REQUIREMENT: Among the lines below, restate word for word only those from the line with "Moon_1600.jpg" through the line with "Xe ô tô nào", with both end lines kept.

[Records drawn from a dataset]
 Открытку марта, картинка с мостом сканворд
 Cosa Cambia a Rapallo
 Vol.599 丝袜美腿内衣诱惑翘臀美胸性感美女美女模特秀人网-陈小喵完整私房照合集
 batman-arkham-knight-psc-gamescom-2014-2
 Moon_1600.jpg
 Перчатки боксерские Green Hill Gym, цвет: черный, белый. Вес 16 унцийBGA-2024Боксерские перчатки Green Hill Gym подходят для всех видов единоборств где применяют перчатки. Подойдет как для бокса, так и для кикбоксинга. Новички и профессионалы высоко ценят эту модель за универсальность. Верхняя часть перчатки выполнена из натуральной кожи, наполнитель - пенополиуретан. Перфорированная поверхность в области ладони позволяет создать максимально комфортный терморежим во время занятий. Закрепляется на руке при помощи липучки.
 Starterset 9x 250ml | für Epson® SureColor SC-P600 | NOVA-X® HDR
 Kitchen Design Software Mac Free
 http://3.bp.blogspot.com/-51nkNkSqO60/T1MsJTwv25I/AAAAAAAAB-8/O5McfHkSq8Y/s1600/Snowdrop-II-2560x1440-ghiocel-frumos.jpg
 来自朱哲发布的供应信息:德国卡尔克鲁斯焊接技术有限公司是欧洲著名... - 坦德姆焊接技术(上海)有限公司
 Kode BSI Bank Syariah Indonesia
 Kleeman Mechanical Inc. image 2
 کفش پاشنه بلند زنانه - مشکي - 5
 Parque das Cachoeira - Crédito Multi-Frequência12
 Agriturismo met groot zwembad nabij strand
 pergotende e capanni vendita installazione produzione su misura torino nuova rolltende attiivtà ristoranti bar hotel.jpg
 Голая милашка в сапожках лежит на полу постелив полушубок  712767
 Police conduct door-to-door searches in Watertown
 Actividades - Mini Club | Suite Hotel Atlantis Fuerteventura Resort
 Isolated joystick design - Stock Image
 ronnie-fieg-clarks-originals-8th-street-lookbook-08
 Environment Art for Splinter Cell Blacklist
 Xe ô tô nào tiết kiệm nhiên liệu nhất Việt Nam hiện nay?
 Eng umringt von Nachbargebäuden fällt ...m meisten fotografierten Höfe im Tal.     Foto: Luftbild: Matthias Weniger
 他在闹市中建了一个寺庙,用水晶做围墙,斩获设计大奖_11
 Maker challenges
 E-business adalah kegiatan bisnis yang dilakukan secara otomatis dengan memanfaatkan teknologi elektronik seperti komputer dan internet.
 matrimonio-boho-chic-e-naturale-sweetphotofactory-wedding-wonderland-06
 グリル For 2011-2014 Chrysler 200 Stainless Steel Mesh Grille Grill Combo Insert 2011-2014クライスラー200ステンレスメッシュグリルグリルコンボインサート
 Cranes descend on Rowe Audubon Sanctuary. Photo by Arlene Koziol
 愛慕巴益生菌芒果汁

RESULT OF THE EXERCISE:
 Moon_1600.jpg
 Перчатки боксерские Green Hill Gym, цвет: черный, белый. Вес 16 унцийBGA-2024Боксерские перчатки Green Hill Gym подходят для всех видов единоборств где применяют перчатки. Подойдет как для бокса, так и для кикбоксинга. Новички и профессионалы высоко ценят эту модель за универсальность. Верхняя часть перчатки выполнена из натуральной кожи, наполнитель - пенополиуретан. Перфорированная поверхность в области ладони позволяет создать максимально комфортный терморежим во время занятий. Закрепляется на руке при помощи липучки.
 Starterset 9x 250ml | für Epson® SureColor SC-P600 | NOVA-X® HDR
 Kitchen Design Software Mac Free
 http://3.bp.blogspot.com/-51nkNkSqO60/T1MsJTwv25I/AAAAAAAAB-8/O5McfHkSq8Y/s1600/Snowdrop-II-2560x1440-ghiocel-frumos.jpg
 来自朱哲发布的供应信息:德国卡尔克鲁斯焊接技术有限公司是欧洲著名... - 坦德姆焊接技术(上海)有限公司
 Kode BSI Bank Syariah Indonesia
 Kleeman Mechanical Inc. image 2
 کفش پاشنه بلند زنانه - مشکي - 5
 Parque das Cachoeira - Crédito Multi-Frequência12
 Agriturismo met groot zwembad nabij strand
 pergotende e capanni vendita installazione produzione su misura torino nuova rolltende attiivtà ristoranti bar hotel.jpg
 Голая милашка в сапожках лежит на полу постелив полушубок  712767
 Police conduct door-to-door searches in Watertown
 Actividades - Mini Club | Suite Hotel Atlantis Fuerteventura Resort
 Isolated joystick design - Stock Image
 ronnie-fieg-clarks-originals-8th-street-lookbook-08
 Environment Art for Splinter Cell Blacklist
 Xe ô tô nào tiết kiệm nhiên liệu nhất Việt Nam hiện nay?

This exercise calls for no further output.